With Meaningful Use Stage 2 only three months away, federal and state health agencies are scrambling to promote stronger health information exchanges (HIE) between physicians in light of the January 1, 2014 deadline.
In response to Stage 2 and the Affordable Care Act’s upcoming interoperability payment reforms, HHS has developed a strategy that highlights the ways the agency will further advance HIE beyond the current Meaningful Use and ONC certification programs.
These efforts include making sure that most electronic health records (EHRs) include Direct messaging capability and that health information service providers (HISPs) are widespread and can easily communicate with each other.
The Direct Project
Directed, or point-to-point, HIEs rely on the Direct Project secure messaging protocol, which was created by a government funded public-private partnership in 2010.
Any EHR seeking certification under Meaningful Use Stage 2 criteria must include Direct capability. This function is supposed to allow professionals and hospitals to meet the MU requirement regarding the exchange of clinical summaries among providers at transition points of care.
But the Direct Project likely won’t be enough make the government’s dream of complete healthcare interconnectivity a reality.
Interoperability and Data Ownership
Ideally, any provider in any part of the country could access a patient’s updated electronic medical record at any time. But due to interoperability issues between disparate EHR vendors and competing medical practices, this is not always the case.
Interoperability allows for better workflows, reduced ambiguity and improves the quality of care by making the right data available at the right time to the right doctor. Unfortunately, the architecture needed to make it possible for different EHR systems to exchange information between providers isn’t up to par yet.
According to H. Stephen Lieber, CEO of Healthcare Information and Management Systems Society (HIMSS), one of the biggest barriers still standing in the way of widespread interoperability is data ownership.
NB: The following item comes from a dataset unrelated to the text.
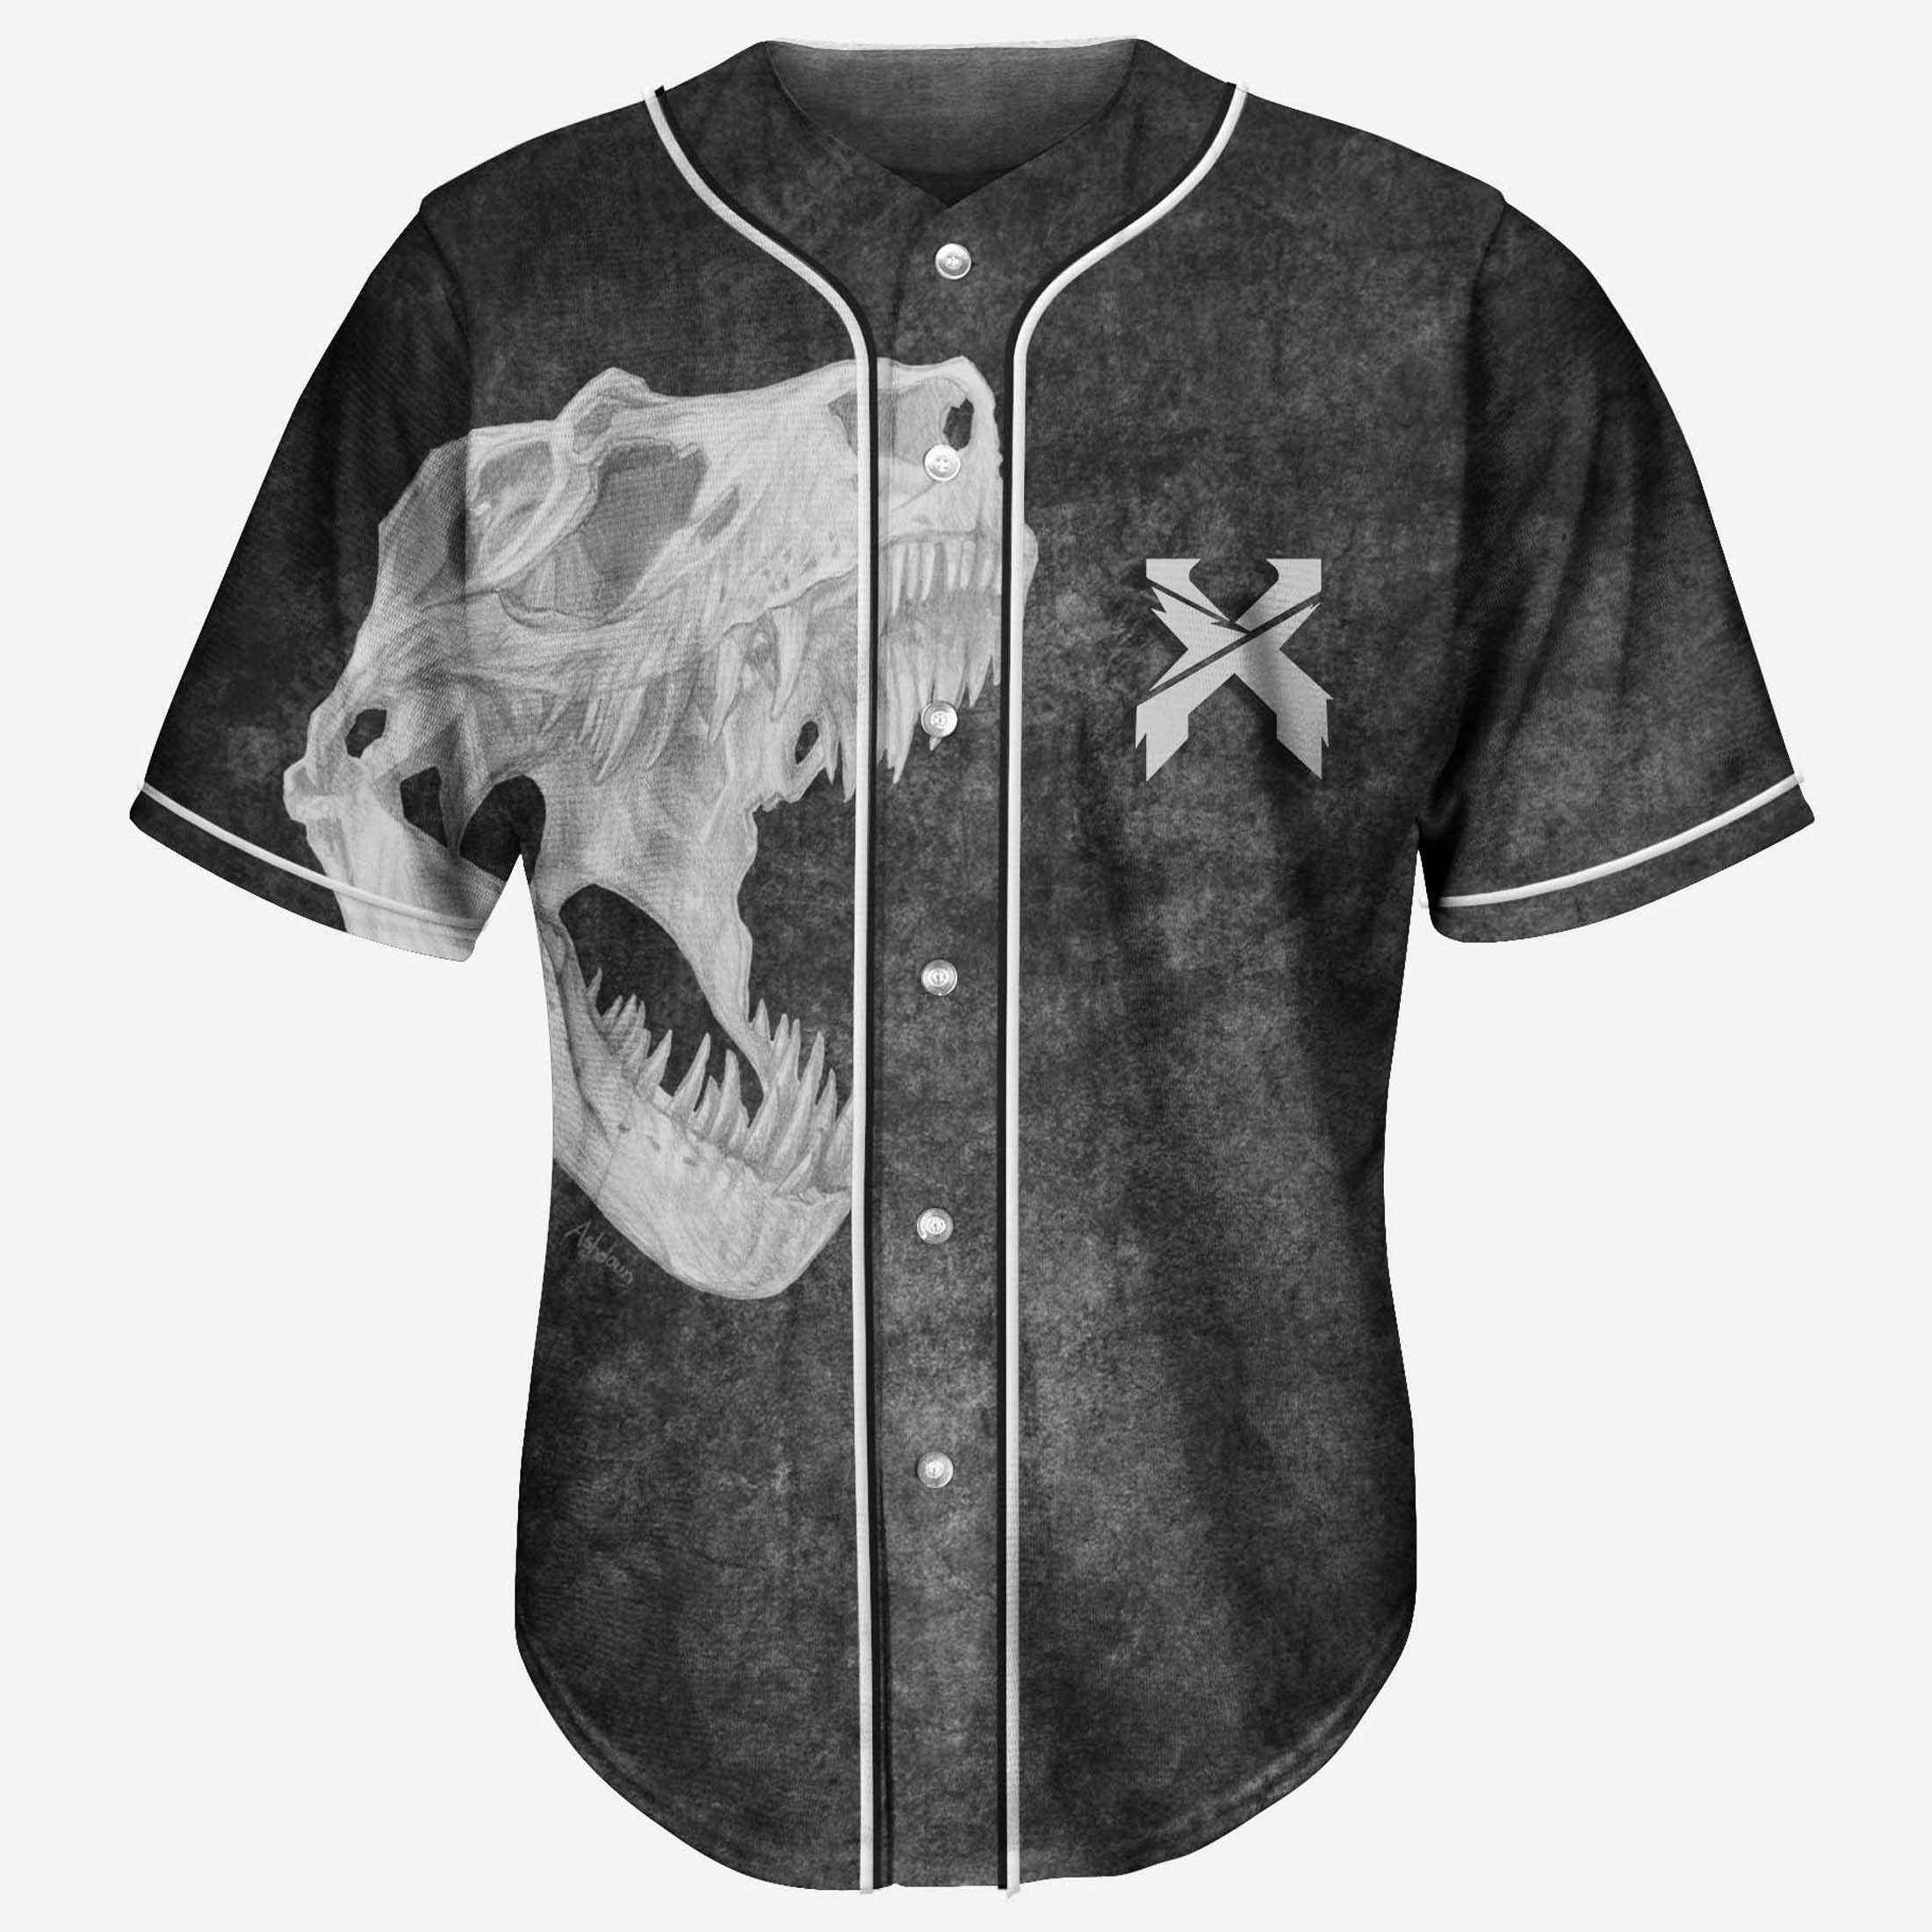 Grunge excision t-rex headbanger baseball jersey for EDM festivals
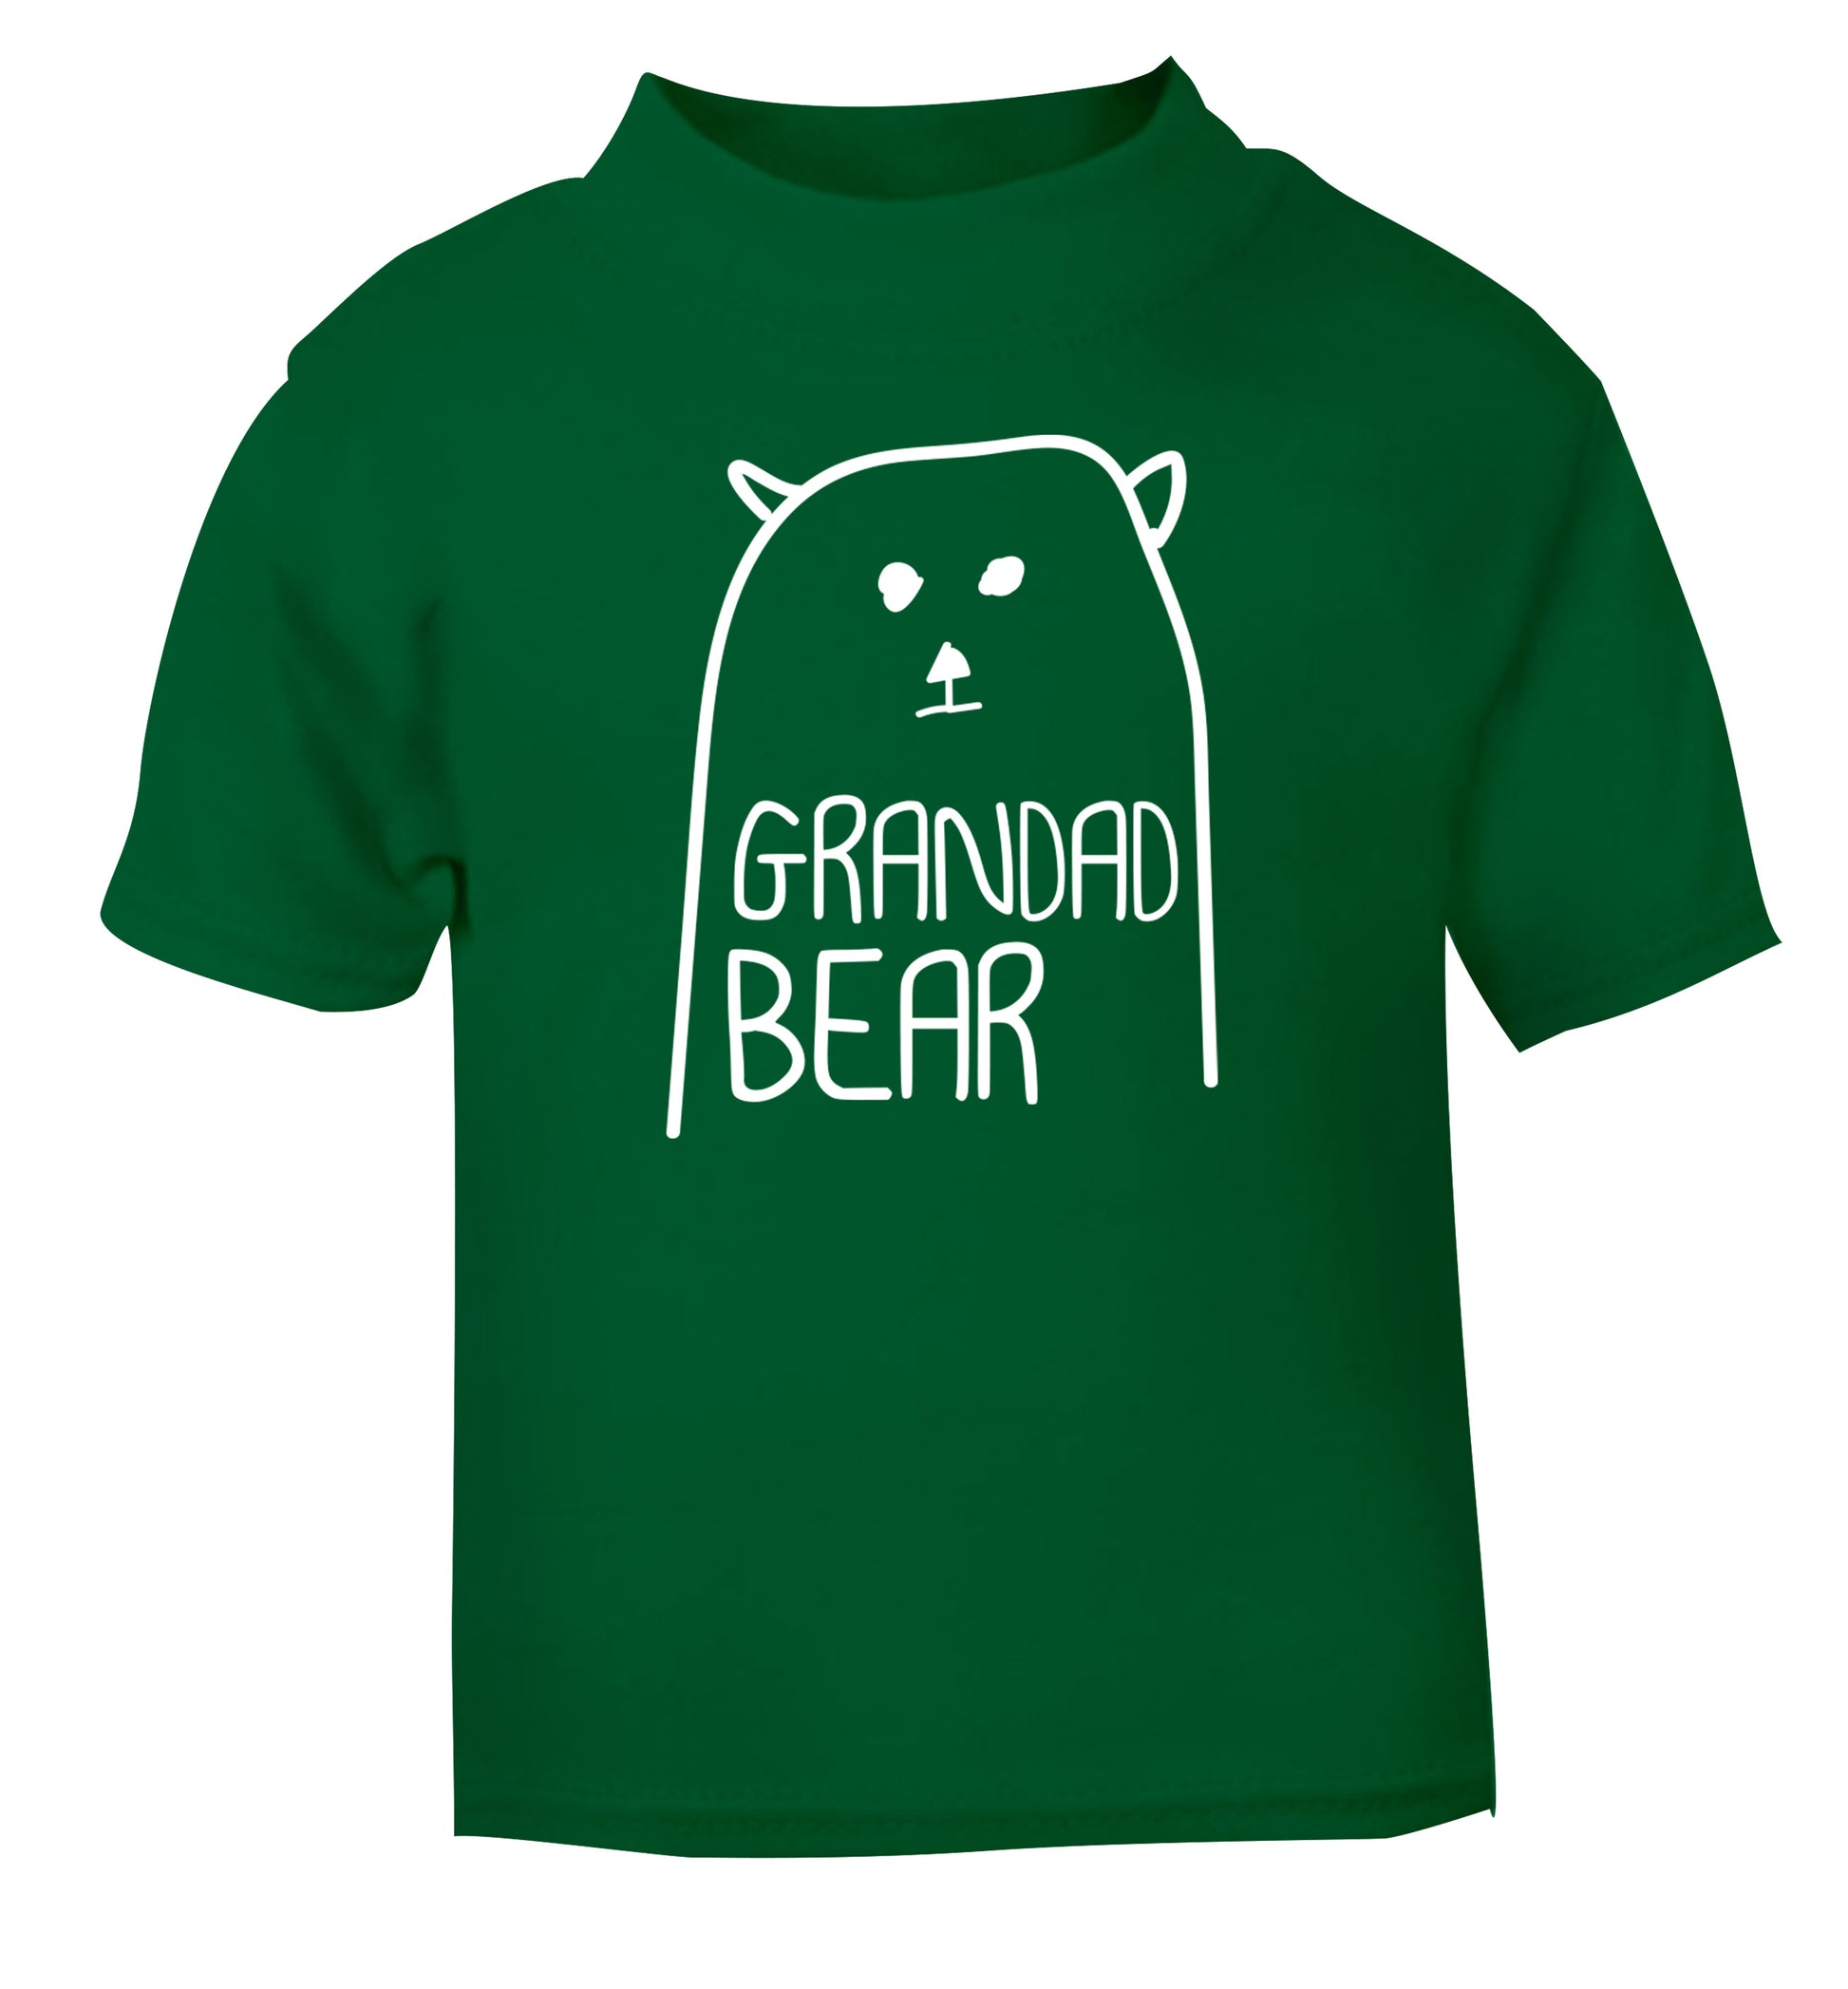 Grandad bear green Baby Toddler Tshirt 2 Years

As it stands, some providers are hesitant to share their patient’s data because they want to maintain a competitive edge. Moving forward, the government has to foster a shift in mindset that persuades providers to give up medical information, which ultimately belongs to the patient.
But the reason some providers still reject this notion is because federal payment models don’t encourage HIEs.
Payment Reform
Even though the U.S. has already spent more than half the $22.5 billion earmarked for automating medical records, progress toward creating a manageable, interoperable system that works for patients and doctors has been painfully slow.
The government could, however, facilitate the process by creating an interoperability standard for physicians. The payment system would be simple: If your system plays well with others, you get paid. Otherwise, you don’t.
If Medicare reimbursements were to mirror a policy of data exchange, a more fluid exchange of information could evolve.
The government needs to start including digital HIEs in all future Medicare payment models. Because once Medicare heads down the path of modifying payment patterns, commercial insurers will follow.
Other suggestions:
- Include long-term care, post-acute care and behavioral health providers in CMS’s state innovation model grants
- Extend Meaningful Use incentives to long-term, post-acute and behavioral health providers
- Create reimbursement codes for care coordination enabled by telehealth and digital consults, radiology queries, and E&M services
- Extend legal exemptions for hospital EMR donations to physicians under the Stark Law and Anti-Kickback Statute
EHR Incentive Program
Finally, CMS must continue encouraging technology adoption among health providers through the EHR Incentive Program. But their efforts would benefit by increasing the focus on cloud technologies.
Cloud-based EHRs offer several solutions to physicians in need of charting software that addresses the data resource challenges faced by healthcare organizations today.
A quality, cloud-based EHR can securely transfer patient information, which increases collaboration between providers and leads to better patient care. Some cloud-based systems also come equipped with a patient portal, so physicians can meaningfully interact with patients, even after they leave the office.
By shifting federal policy to address patient data ownership issues, eliminate unsuccessful payment models and promote more cloud-based EHR adoptions, HHS could potentially help connect providers across the nation into one, unified network of information.